*** Opening Available data ***

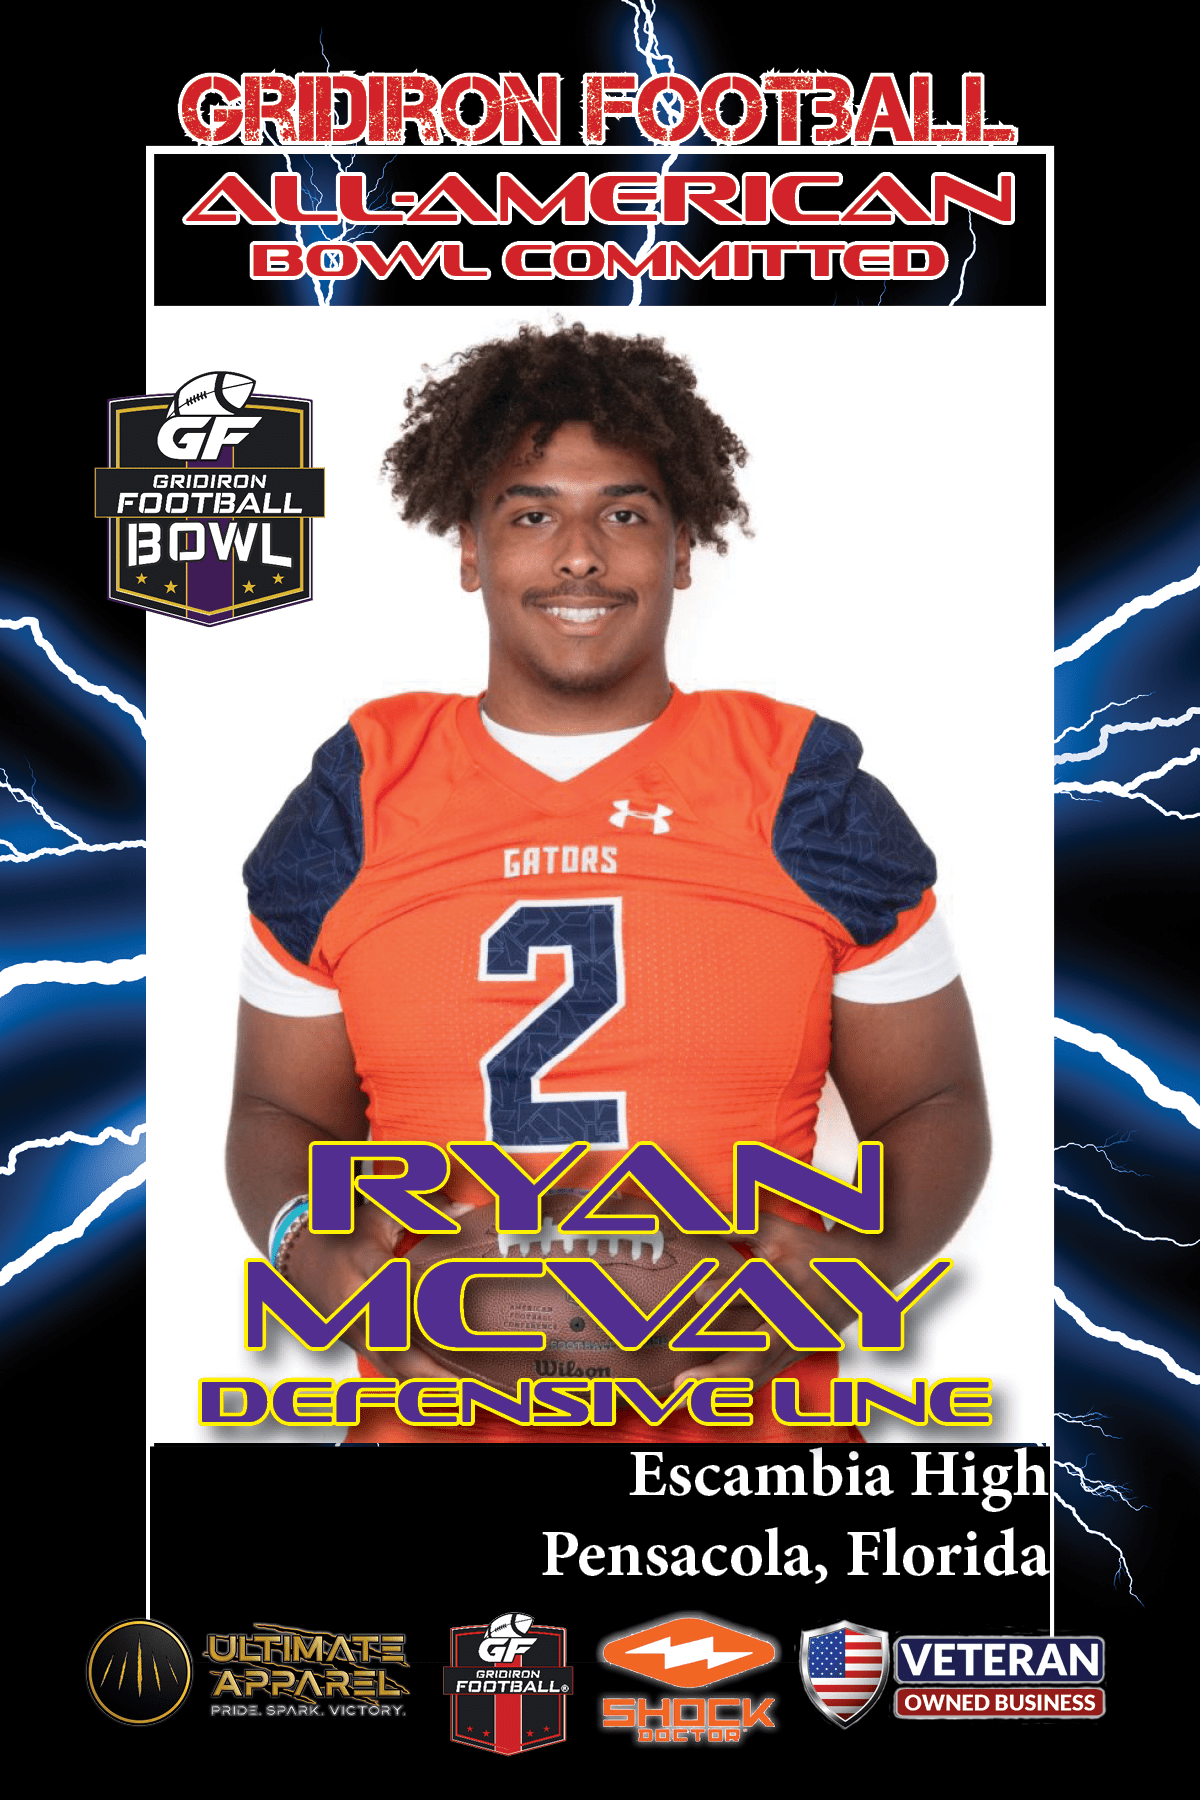 BREAKING NEWS: Escambia High School (Pensacola, Fla.) DE Ryan McVay has committed to play in the 2023 Gridiron Football All-American Bowl
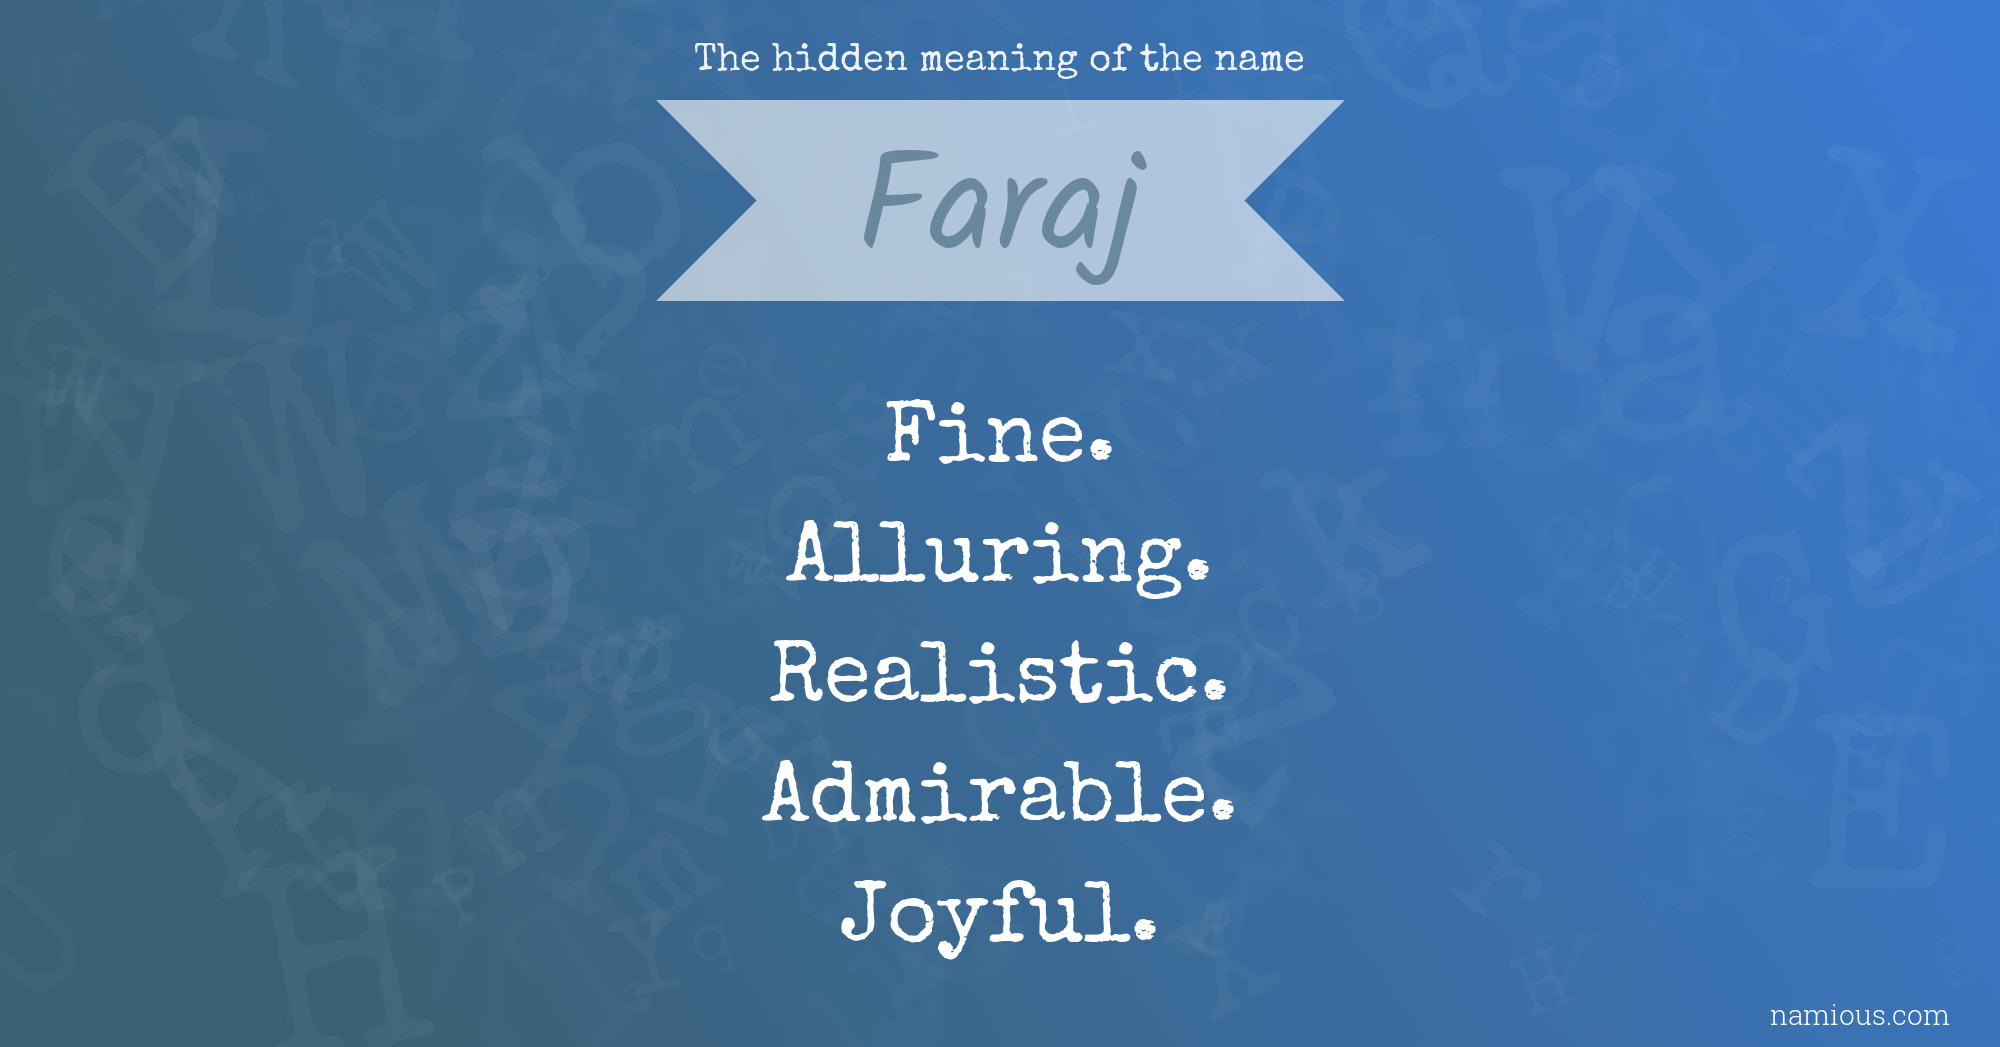 The hidden meaning of the name Faraj
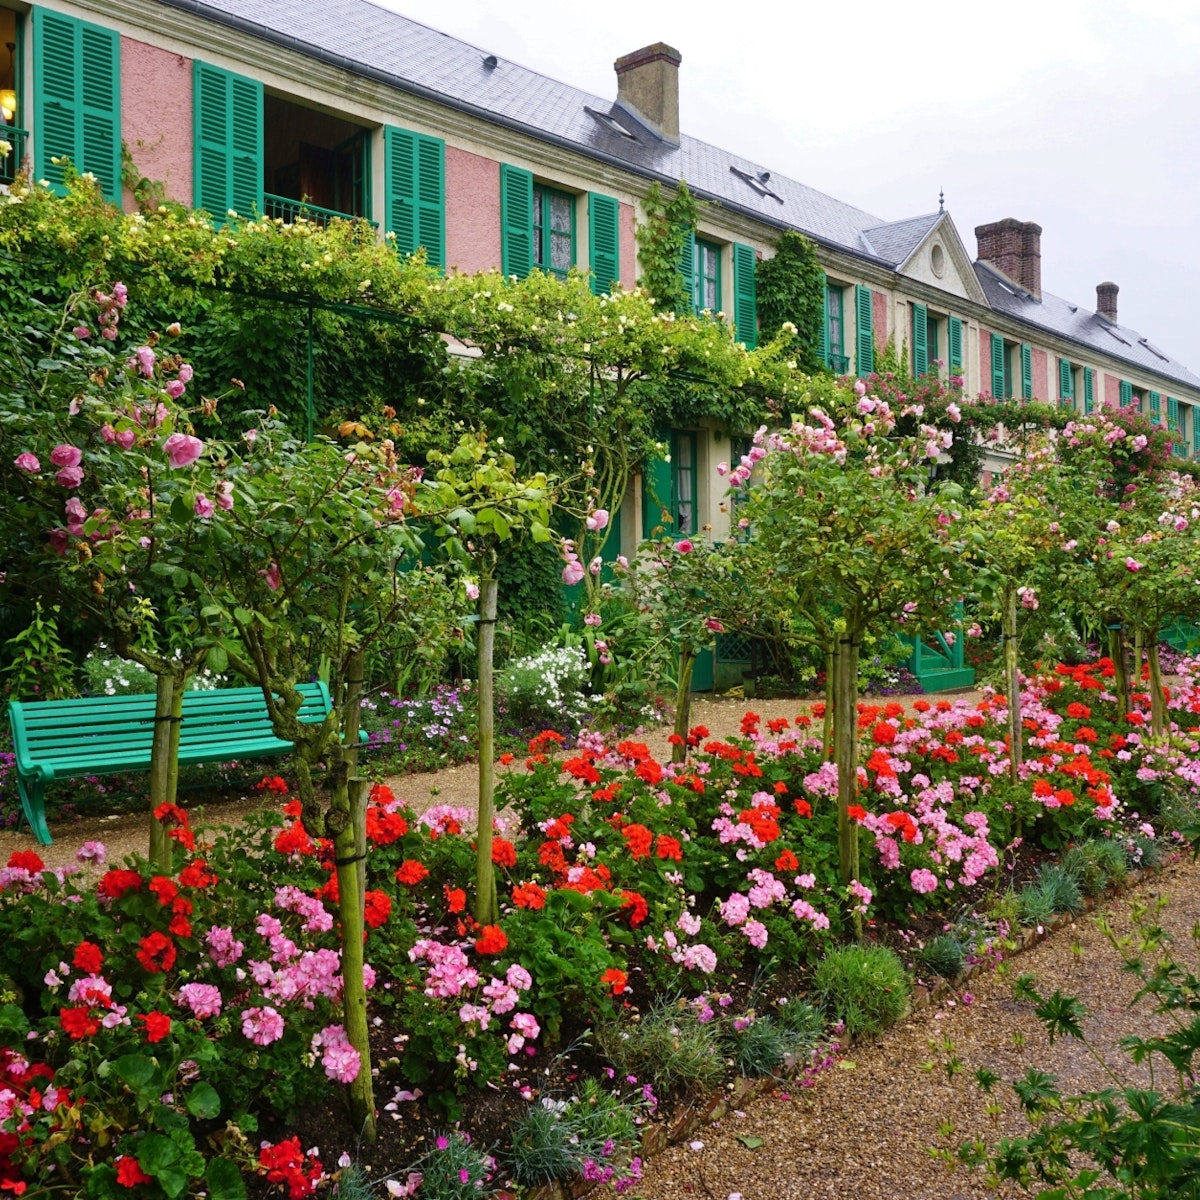 GIVERNY, FRANCE -3 JULY 2016- The house of French impressionist painter Claude Monet in Giverny is now a museum. It includes a beautiful garden with a nymphea waterlily pond and Japanese bridge.; Shutterstock ID 649707625; Your name (First / Last): Daniel Fahey; GL account no.: 65050; Netsuite department name: Online Editorial; Full Product or Project name including edition: Maison et Jardins de Claude Monet POI

*** Closing Available data ***

▶ Your task: Exactly the lines from the top of the listing through the line holding "The hidden meaning of the name Faraj" should be repeated, with pictures left out.

▶ The completed task:
 BREAKING NEWS: Escambia High School (Pensacola, Fla.) DE Ryan McVay has committed to play in the 2023 Gridiron Football All-American Bowl
 The hidden meaning of the name Faraj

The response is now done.